Parallel Chunck loop - when is it worth it?

(Aside from a possible "obvious" answer that if one has lot's of time consuming stuff...)

When I run some "simple" test, say one node doing some math manipulation. It goes so fast in the non-parallel mode, it doesn't seem worth it to build in a parallel loop.

Now on the other hand, when I have some larger tables with more complex manipulations or searches or such, it would seem obvious to use parallel. Though I noticed that this implies much higher memory usage (not surprising since it seems to copy your workflow multiple times). But, this implies more shuffling around of memory which in turns requires resoruces as well, so in the end I don't see much gain.

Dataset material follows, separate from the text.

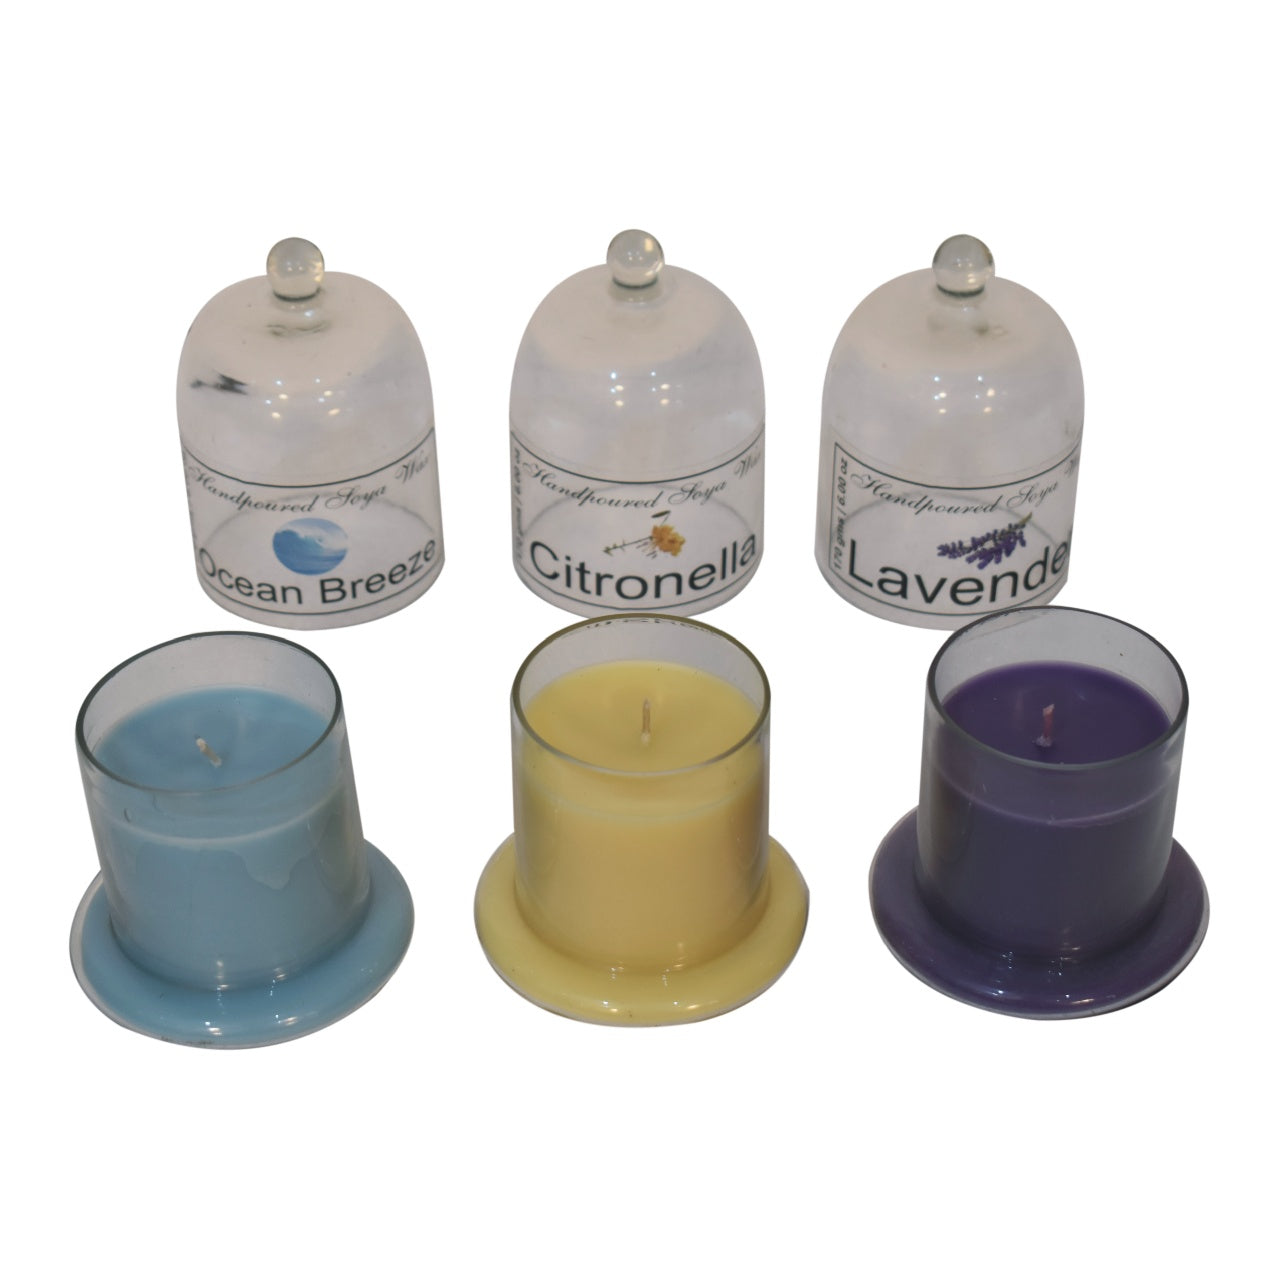 Bell Jar Candle Set of 3 (Ocean Breeze, Citronella, Lavender) - Red Ross Retail-Furniture Specialists

As example, I was testing "Most common substructure" node from RDKIT in a loop. I trimmed it down with pre-prepared table containing only the molecules and nothing else. The parallel version is 10-30% slower.... and uses for my list of ca 40k molecules nearly all 8gb memory versus ca 2gb memory in the linear version.

For reference, this on an i7 win7 machine, 16gb memory (8 dedicated to knime). On a friends i5 machine, the linear one is (obviously) slower, one of the reasons for thinking of parallel. But the i5 is even slower due to the memory management?

Thus back to the original question - when does it make sense, or rather, what is other uses exerience with parallel chuncked workflows?

 

I also tried it, but for me it only made things slower. I run a workflow that does some heavy image modifications on large images. It turned out that 8 GB memory was not sufficient, nor was the speed of my SSD, to read/write everything simultaniously. Now I run this on a laptop, so that is not really supposed to be efficient, a stand alone machine with 30gb of working memory would be better I think, perhaps then for me it could make sense to run in paralel. However it standardly added 5 copies, I think this is based on the architecture of your processor. However it might make more sense to have some sort of estimation on the memory requirement of the workflow, and adjust the amount of copies also to that. I could imagine that running 2 paralels might be better then 6 in my case.

Also a downsize of the parallel chunck loop is that you can only set the amount of parallels, not the chunck size. This could be easily added I assume.

Another advantage might be to have some sort of delay in the start of the copies. If I remember correctly all duplicate workflows started simultaniously, so all reaching the nodes that are heavy on the memory at once, spreading this out, by letting the second copy start only after the first or second node of the first copy have completed, might also boost performances.

So, I do notice an improvement by manually selecting parallel chunk number, I use 4-6 (conservatively) and I can squeeze out additional 20-40% speed.

Still I can get at times different types of error messages which are for me, but usually can be resolved by restarting knime (i.e. memory issue?).

Additionally, there still is the duplicate row ID number problem which I read about somewhere. I have to resolve this by creating new row IDs with uniqueness selected, otherwise the whole thing stops before concatenating everthing for the parallel chunk loop end.